Decontaminating Waters Of Pathogenic Micro-Organisms
Water is life, a timeless adage that cannot be over-emphasized. Water has been a vital component for the survival of all living organisms from human to plants and even to the tiniest of organisms on earth. Despite water covering nearly two thirds of the earth’s surface, with 97% being salty, only 0.75% of the freshwater is available for living organisms outside the salty water bodies. This forms the background of global water scarcity. Rapid population growth has led to increased water demand for industrial plants, agricultural activities and domestic use. While global warming has been the reason for shrinking glaciers and ice caps, the earths largest reservoir of freshwater; sub Saharan African (SSA) countries are faced with harsh climatic conditions and erratic rainfall patterns further exacerbating issues of water scarcity.
Water and environmental pollution is an emerging problem in the world today. Physical, chemical and biological contaminants are the major causes of water pollution. Eroded soil particles, industrial effluents, septic tank effluents, microbial landfills contents and wastes indiscriminately dumped have all found their way into the water ways and water reservoirs through surface run offs. It is estimated that two thirds of the 160m people using surface waters live in SSA with majority of them directly using untreated waters for domestic use.

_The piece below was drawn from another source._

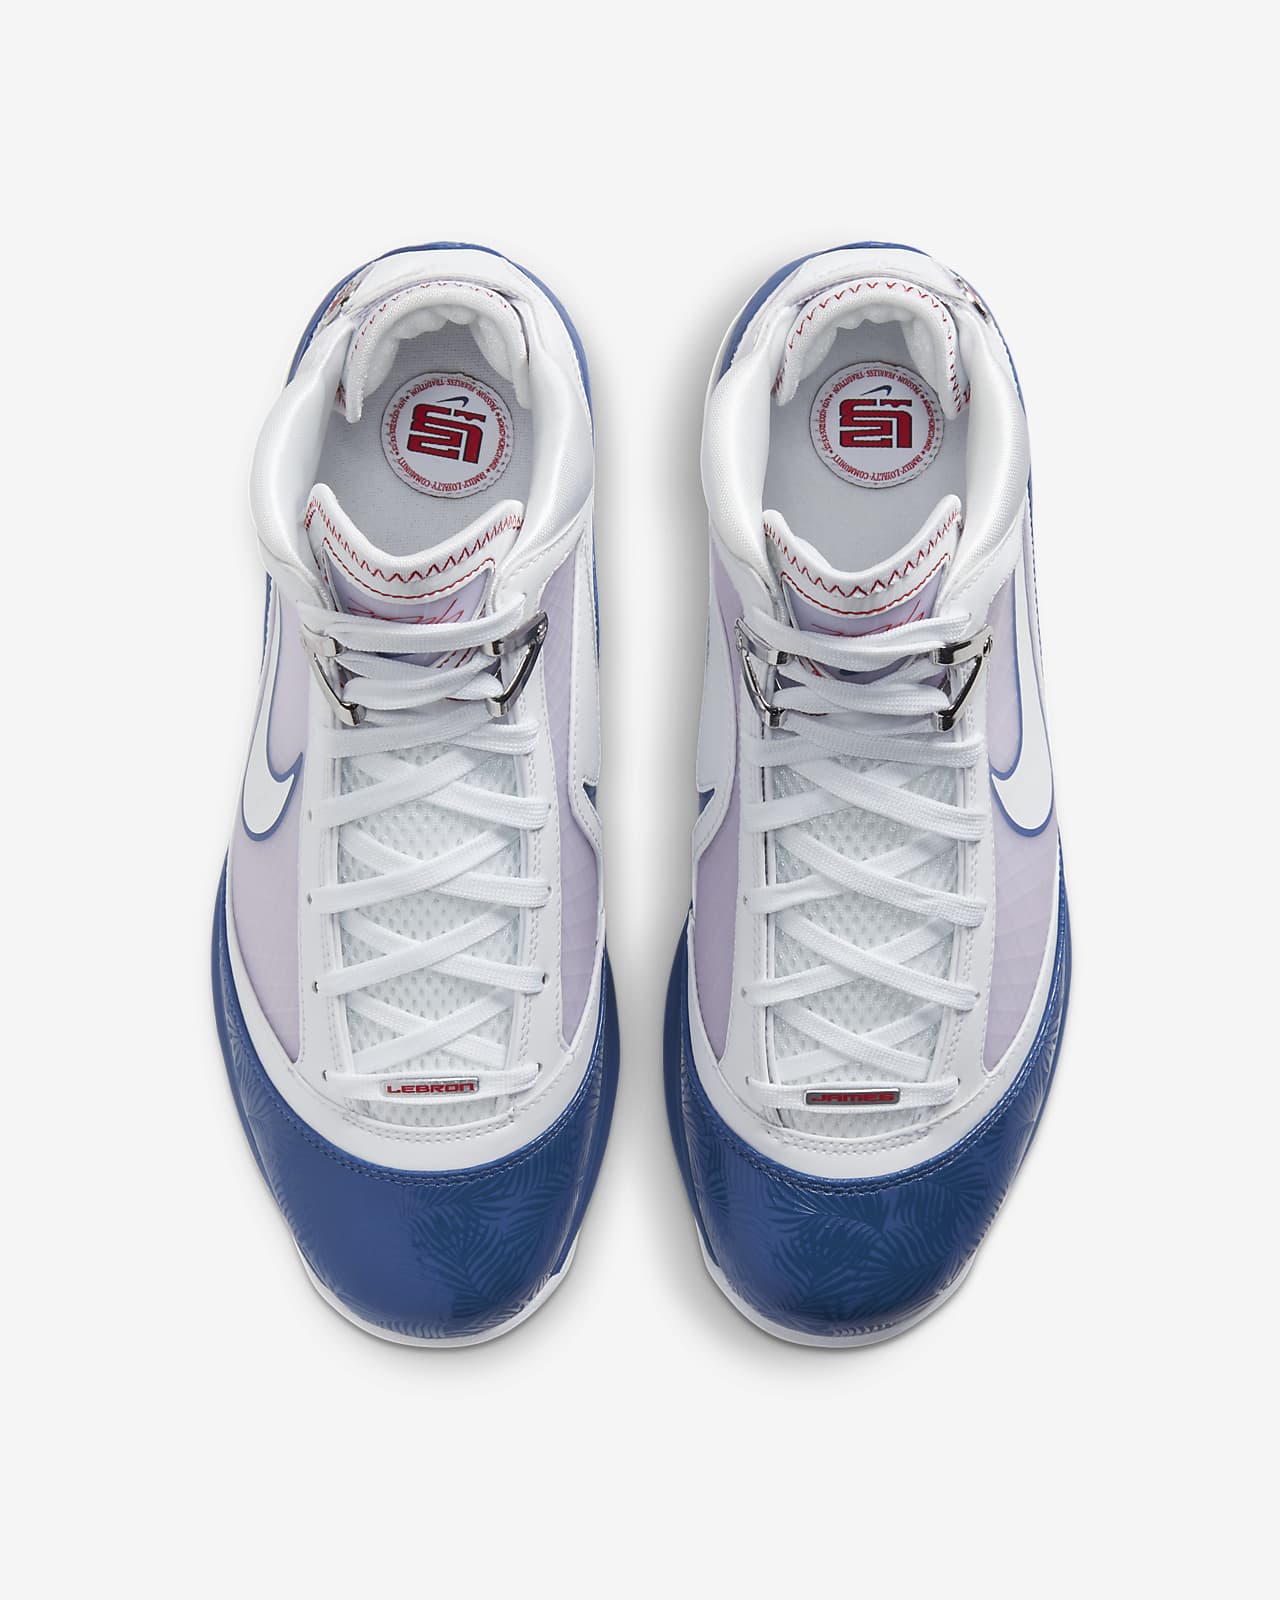 Chaussure LeBron 7 « Baseball Blue » pour Homme

Polluted surface waters are rich in pathogenic micro-organisms of different variety i.e. bacteria, viruses, protozoans. Exposure to drinking water contaminated with disease causing micro-organisms is the leading cause of infectious and waterborne diseases in SSA. Discovery of antibiotics and related medicinal drugs substantially reduced the threat posed by infectious diseases. Amyes (2001) heralded antimicrobials as the “magic bullets” that transformed the medical sector through extensive use in treatment of bacterial infections in human as well as in animals. Use of antibiotics laid down the foundations for modern medicine enabling therapies and performance of medical procedures such as organ transplants, joint operations, chemotherapy and even provision of care to premature babies. These gains significantly reduced global rates of morbidity and mortality due to infectious diseases.
Nevertheless, rising cases of antimicrobial resistant pathogens in human medicine and veterinary medicine coupled with a general decrease in the number of new antibiotics being developed pose a serious challenge to the gains realized. With approximately over 70% of known bacteria having developed resistance to one or more antibiotic classes, antimicrobial resistance (AMR) is now being recognised globally as a major public health security problem. This potential tragedy presents social, economic and political implications to the world and even a bigger blow to developing countries who bear the greatest burden of bacterial infections. Efforts to ensure environmental and public health safety through clean and safe drinking water have led to development of various water treatment modalities to decontaminate it before use. Wastewater treatment aims to achieve environmentally safe fluid waste stream and solid waste suitable for re-use or disposal. Photodynamic Antimicrobial Chemotherapy (PACT) has thus emerged as a viable alternative in decontaminating waters of pathogenic micro-organisms. Latief et al. (2015) described PACT as a concept where a non-toxic dye called Photosensitizer (PS) is restricted to the target bacteria excluding the neighbouring host tissues or cells. Activation by a low energy visible light at suitable wavelength then follows generating free radicals and singlet oxygen which are cytotoxic to the micro-organisms. According to Maisch (2007), the oxidative destruction of microbial pathogens targets the cytoplasmic membrane and DNA thus no known microbial resistance mechanism or viable recovery against PACT so far.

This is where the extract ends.